Jefes solving up until the very end Waiting for the Last Teams Waiting for the Last Teams

So we drove to another building on the former army base. In the game plot, this was the site of the secret BIGMAC terminal. In real life, this used to be a barracks, but had been re-purposed as a sort of community center. We were in a heat wave, and the building didn't have air conditioning. It did, however, have what appeared to be every fan that GC could rustle up, again.

We were not the first team to arrive. Other teams had been there for a while, and had been preparing. They'd set up a shared cloud spreadsheet where everyone could enter their badge+disc+code segment data. Thus, we wouldn't have to walk around and share data "by hand". So we entered our data and waited for other teams to arrive.

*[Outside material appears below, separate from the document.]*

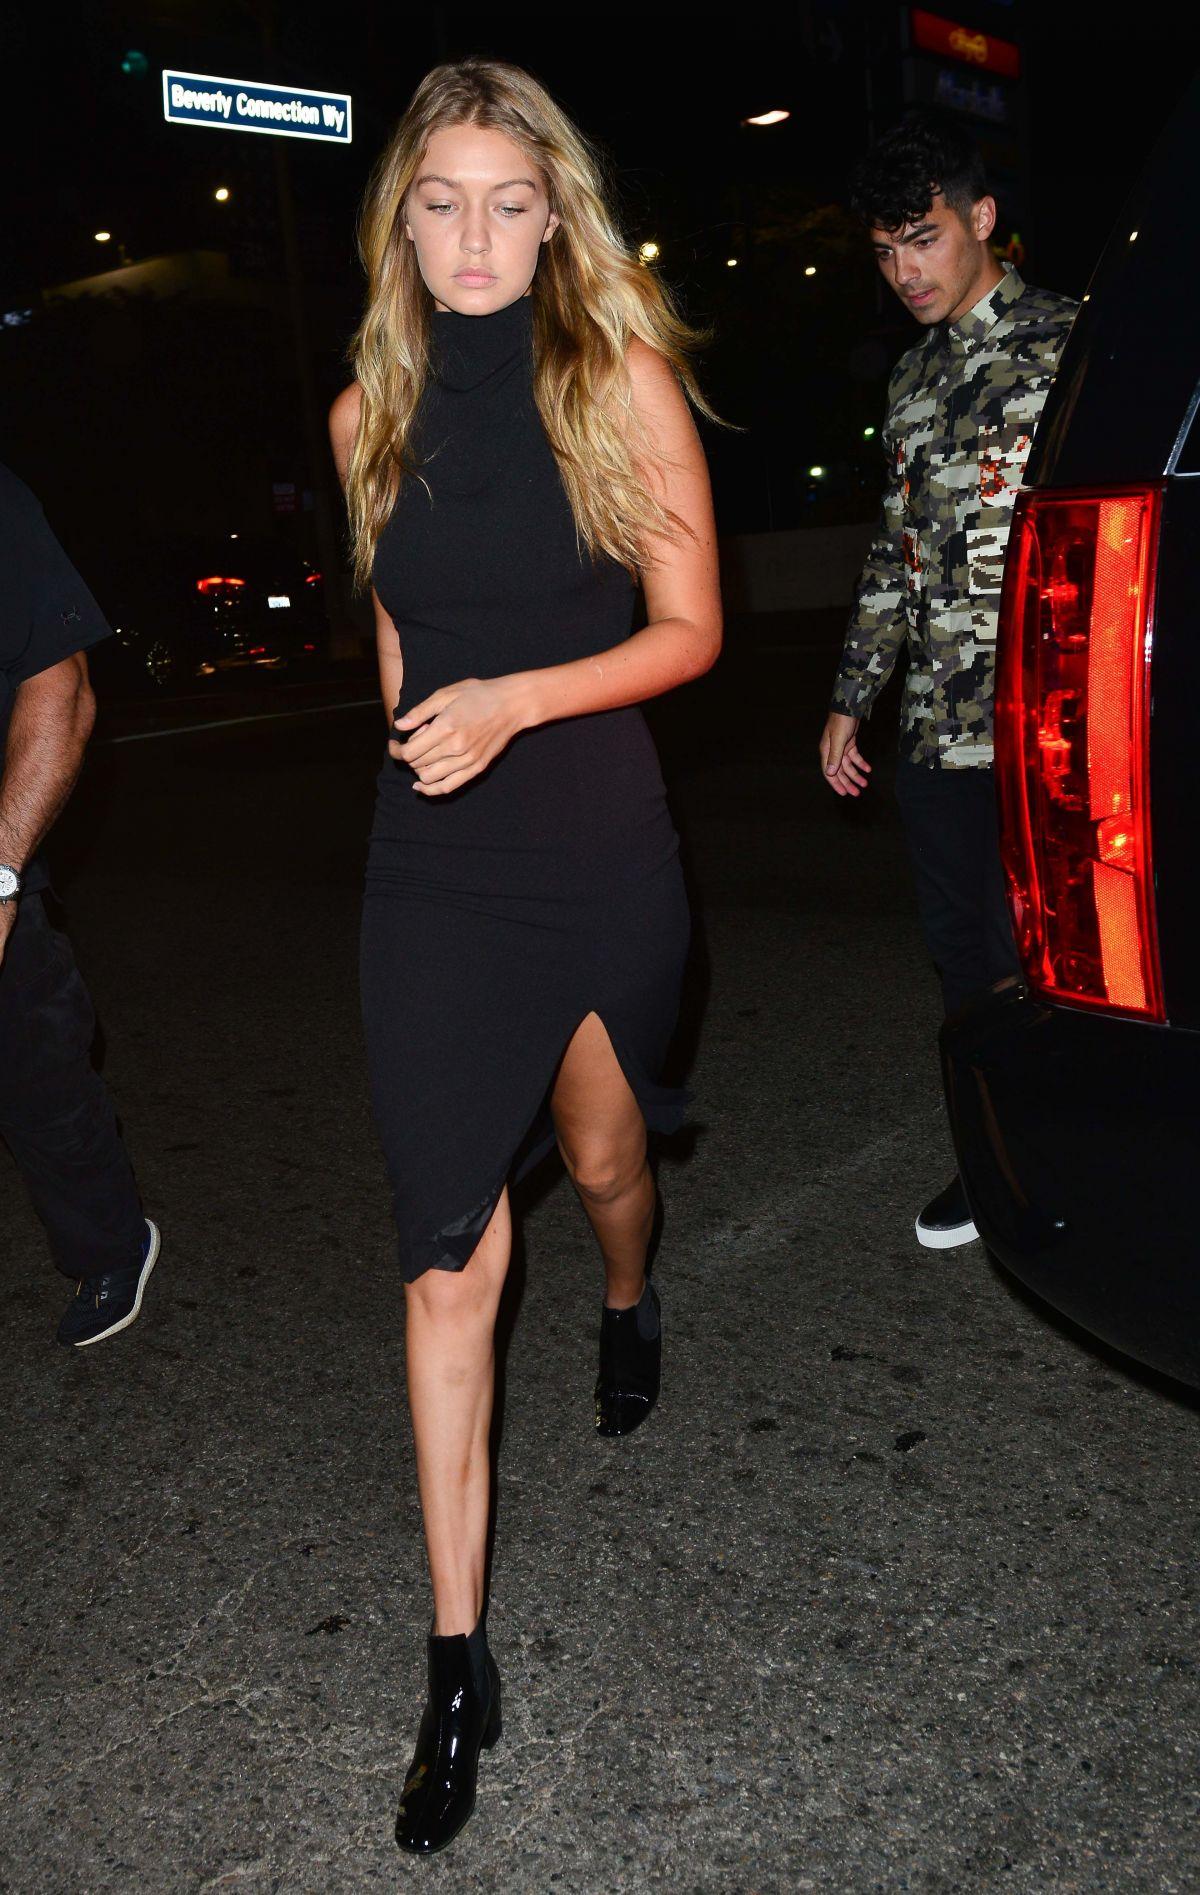 GIGI HADID Night Out in Hollywood 08/29/2015

GC gave us another puzzle to solve, borrowing our BITE device for some last-minute repair: the device flashed some strange symbols on its LED display. It was a 16-segment display, something new to learn about. Some folks worked on the puzzle; I didn't really follow our progress. It was hot. We'd arrived at the end location. I figured that GC was just giving us puzzles to solve to keep us distracted until the last teams arrived. I was done. So I wandered into the building's kitchen, refilled my water bottle, drank deep. I tried to find a place to stand where the fans would keep me from keeling over from the heat. Thus, I wilted a bit, but didn't quite melt. "We" solved a puzzle. GC gave us another puzzle. I zoned out.

BITE Aggregation SIMON

When the last team arrived and plugged their data into the shared spreadsheet, it was time for the teams to override BIGMAC. One member from each team came up to the front of the room so that GC could wire together all of the BITE devices. Other folks got to watch this happen: the hunched over backs of a bunch of nerds at a table, hooking up wires. It took a while to get this right; I couldn't tell if there was a puzzle involved or if it's just tricky to wire up that many electronic boxes.

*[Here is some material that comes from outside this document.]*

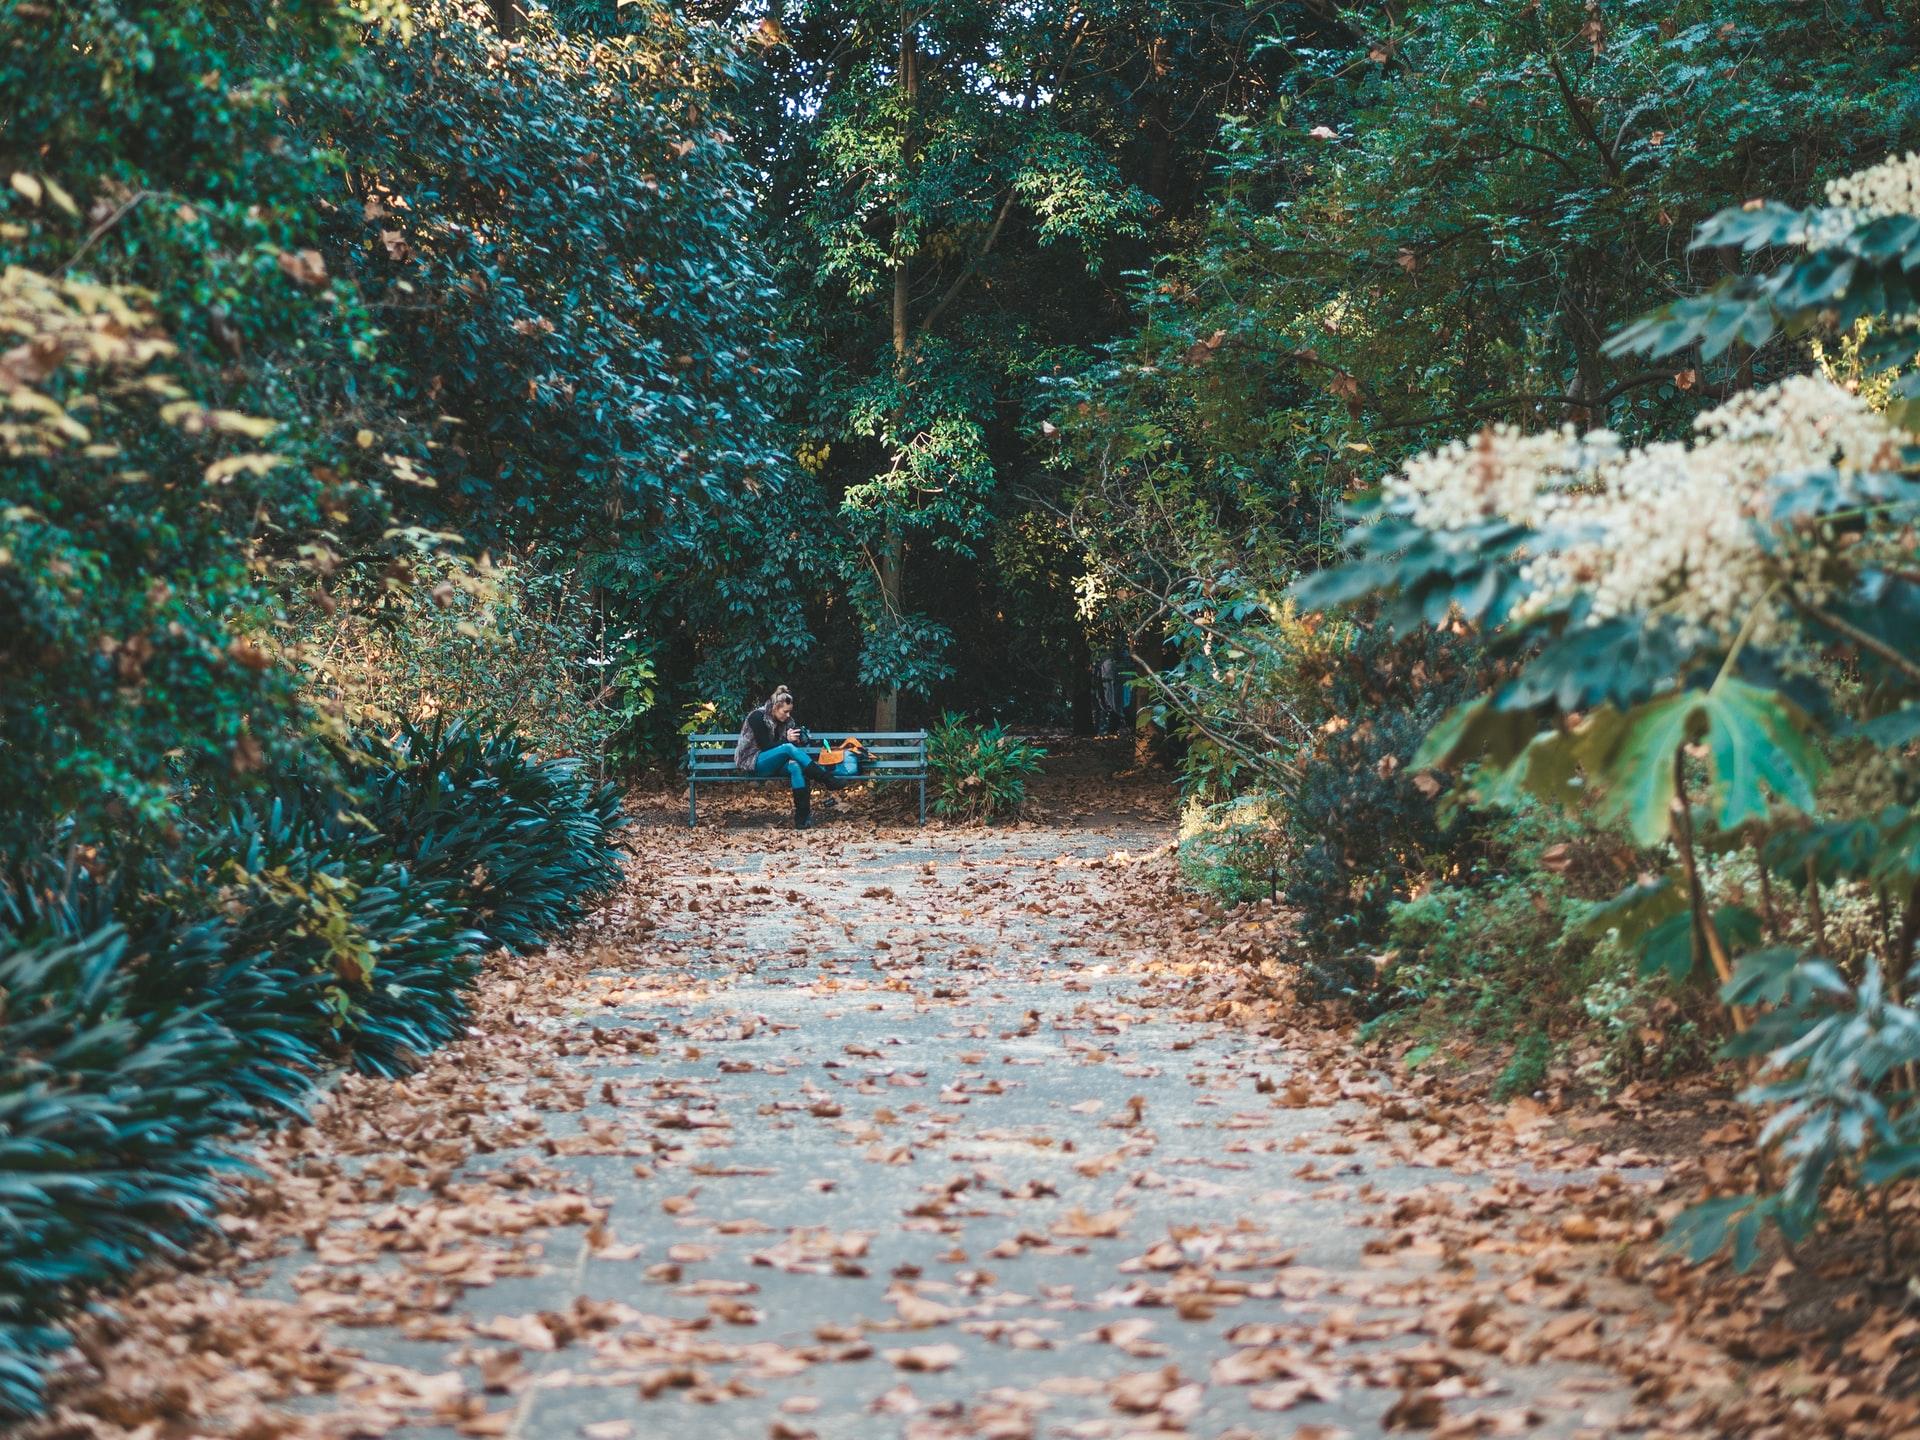 Cape Fear Botanical Garden in Fayetteville, NC

Then those folks had to play SIMON. The BITE devices, it turned out, had some colored LEDs and extra buttons so that they could play SIMON. The way to override BIGMAC was for everyone to be successfully playing SIMON at the same time. This was a challenge: not everyone is good at SIMON. Some folks had to learn how to play. The rest of us got to watch this happen. I was pretty proud of myself for not keeling over.

Then they'd done it. There were cheers. There was some speechifying. There were cheers for GC. I roused myself from my stupor long enough for some vigorous cheering: they'd earned it. And then there was an end party and I let myself slide back into stupor. After a while, the Jefes were ready to head back to hotels.

It was time to get back in the van. And then it was time to get back out of the van at a hotel and soon I was asleep. The next day, I headed home.